+++ Dataset section +++
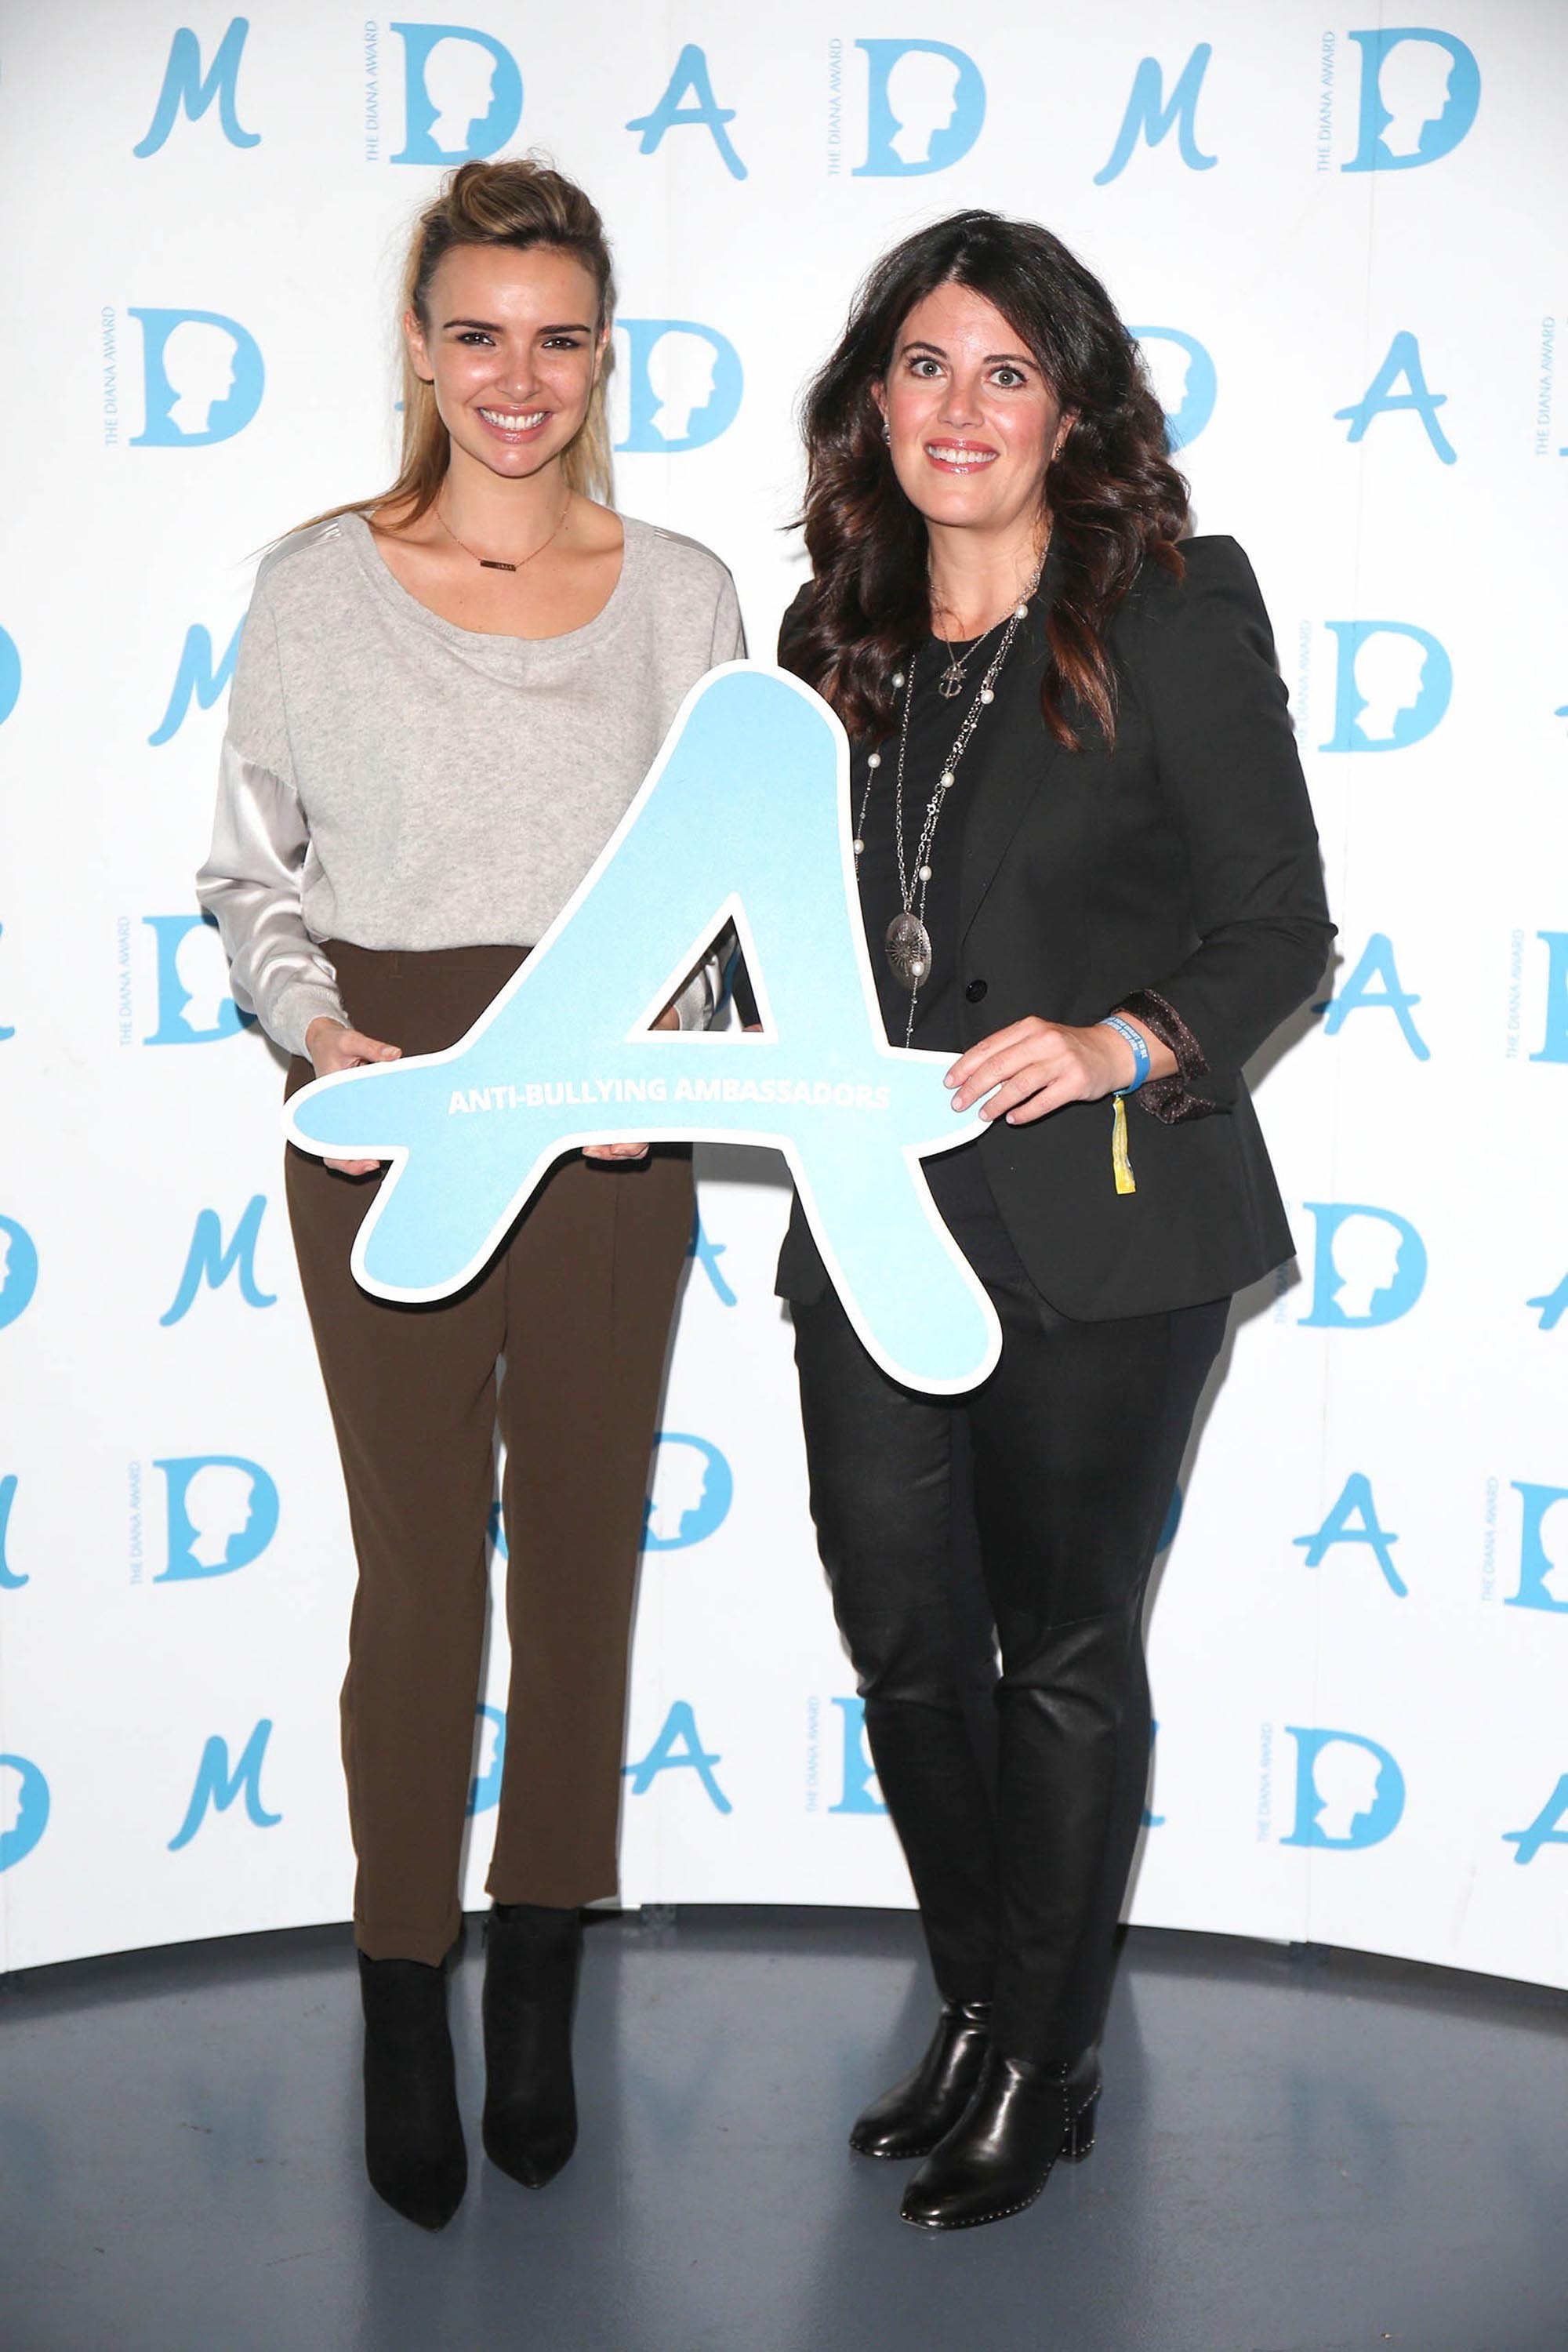 Monica Lewinsky attends The Diana Awards Anti Bullying Campaign
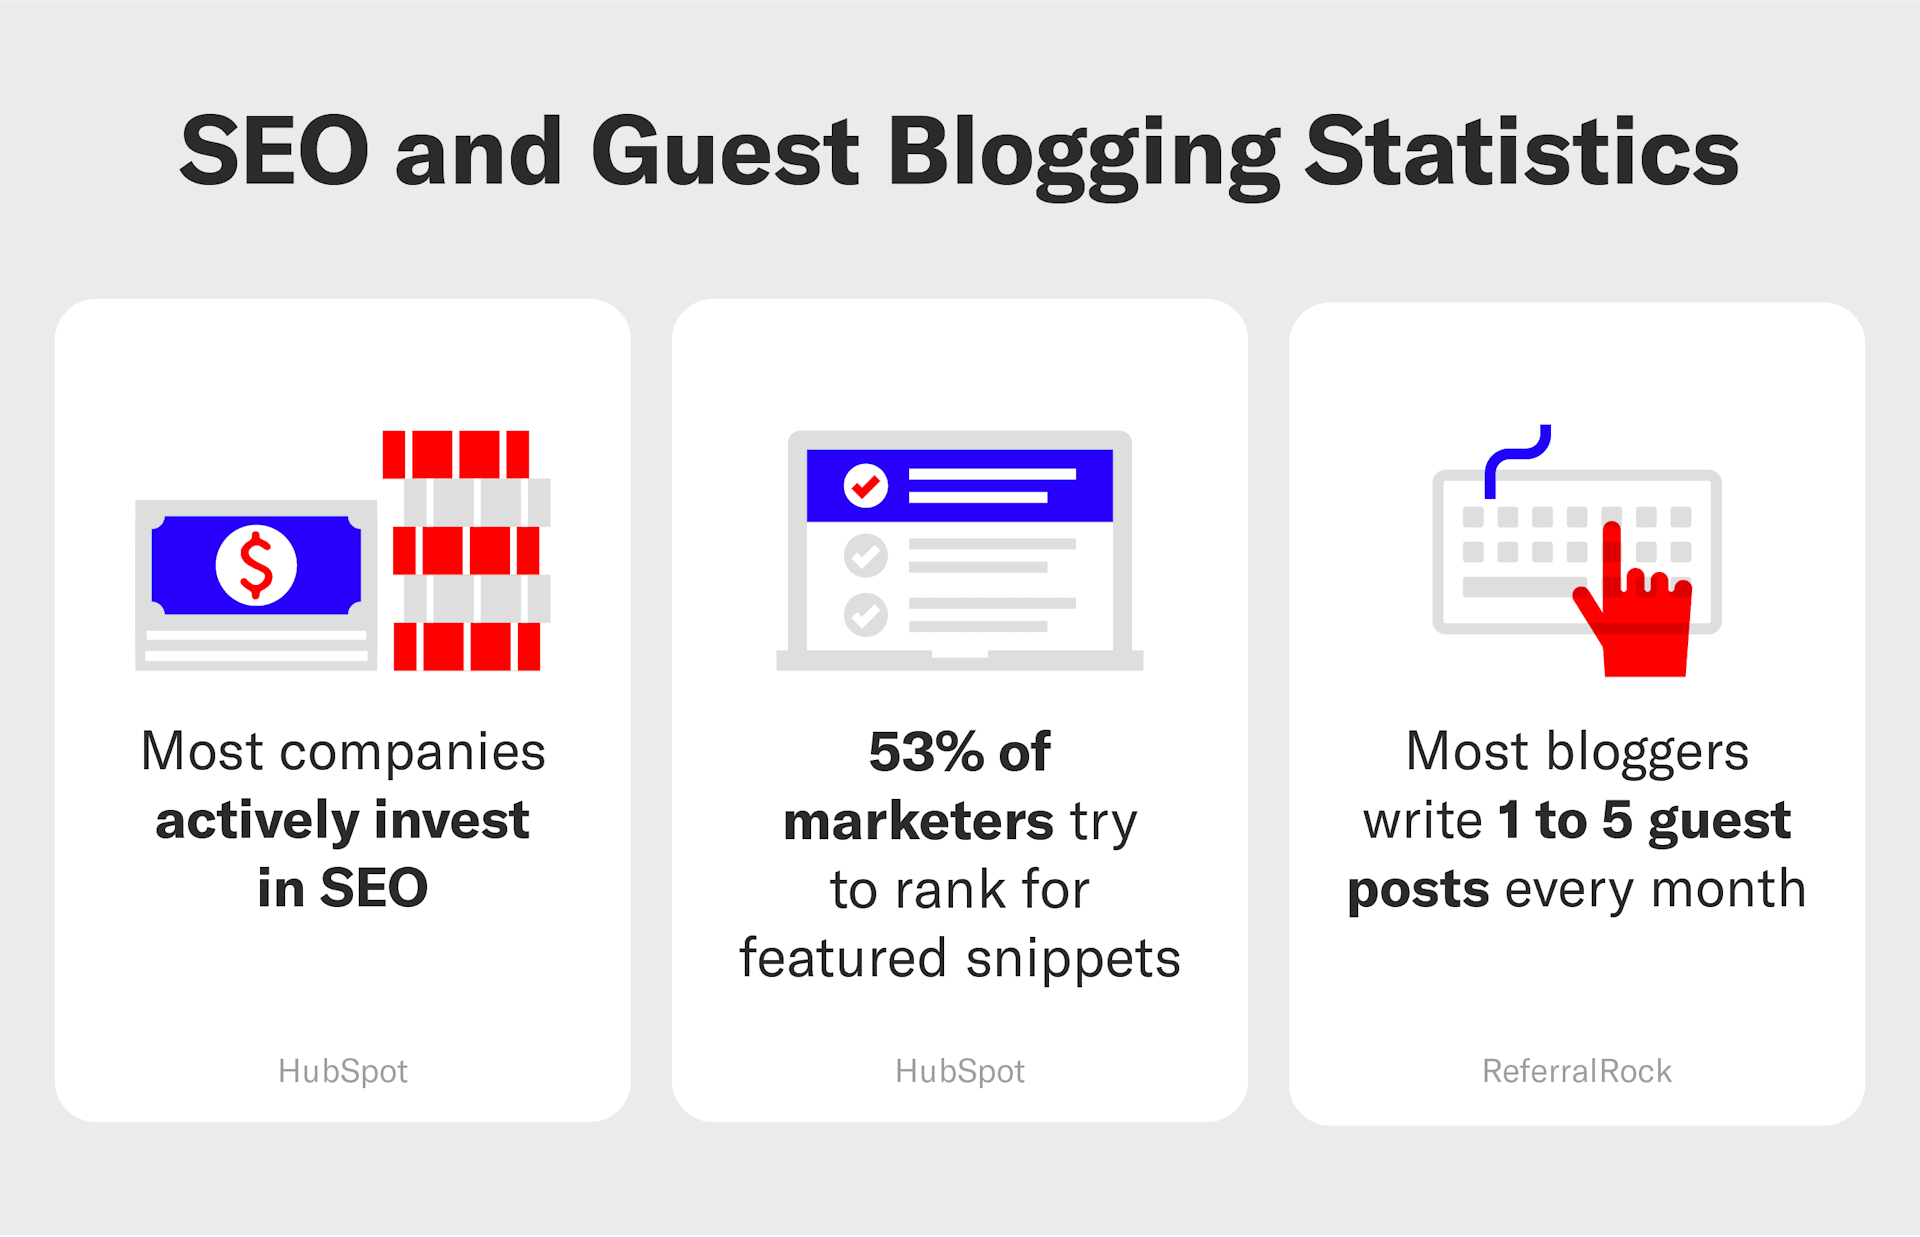 Content marketing is important for off page SEO as well as search engines rely on guest posts as well
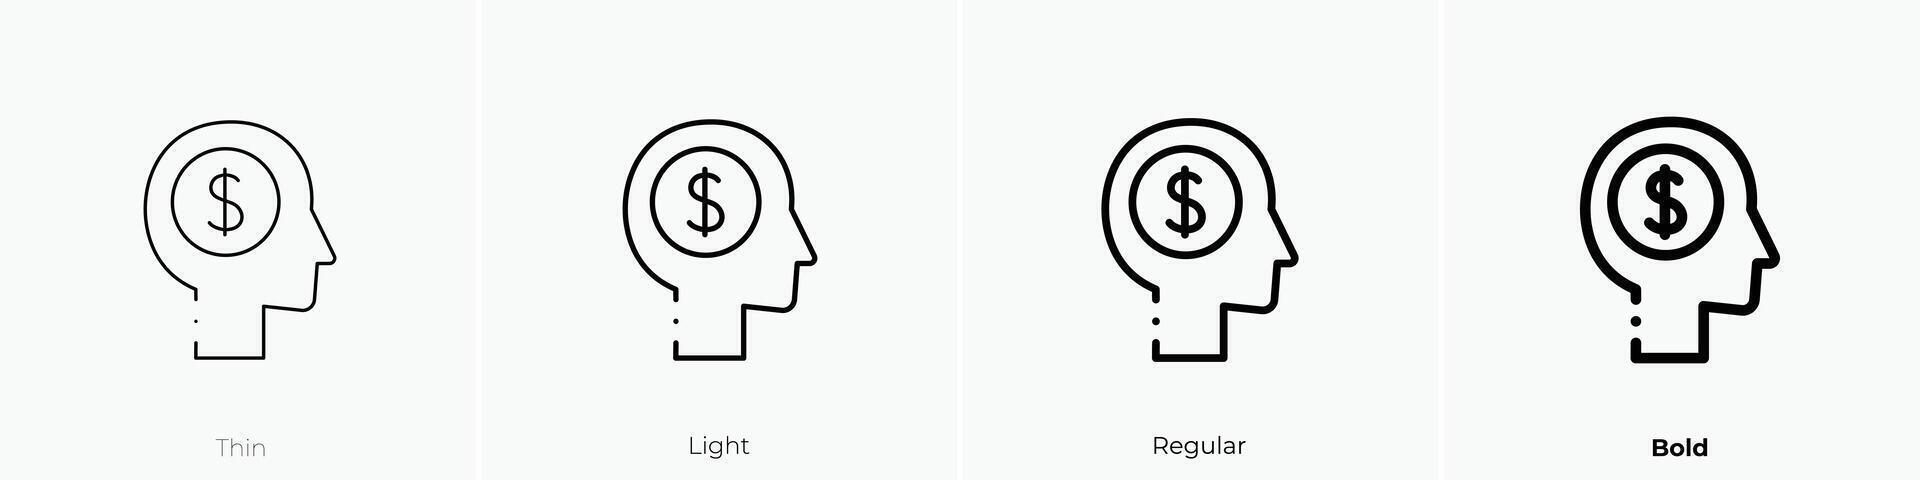 mindset icon. Thin, Light, Regular And Bold style design isolated on white background vector
+++
Could the material above be given again in full and exactly, with its pictures left out?

Result
 Monica Lewinsky attends The Diana Awards Anti Bullying Campaign
 Content marketing is important for off page SEO as well as search engines rely on guest posts as well
 mindset icon. Thin, Light, Regular And Bold style design isolated on white background vector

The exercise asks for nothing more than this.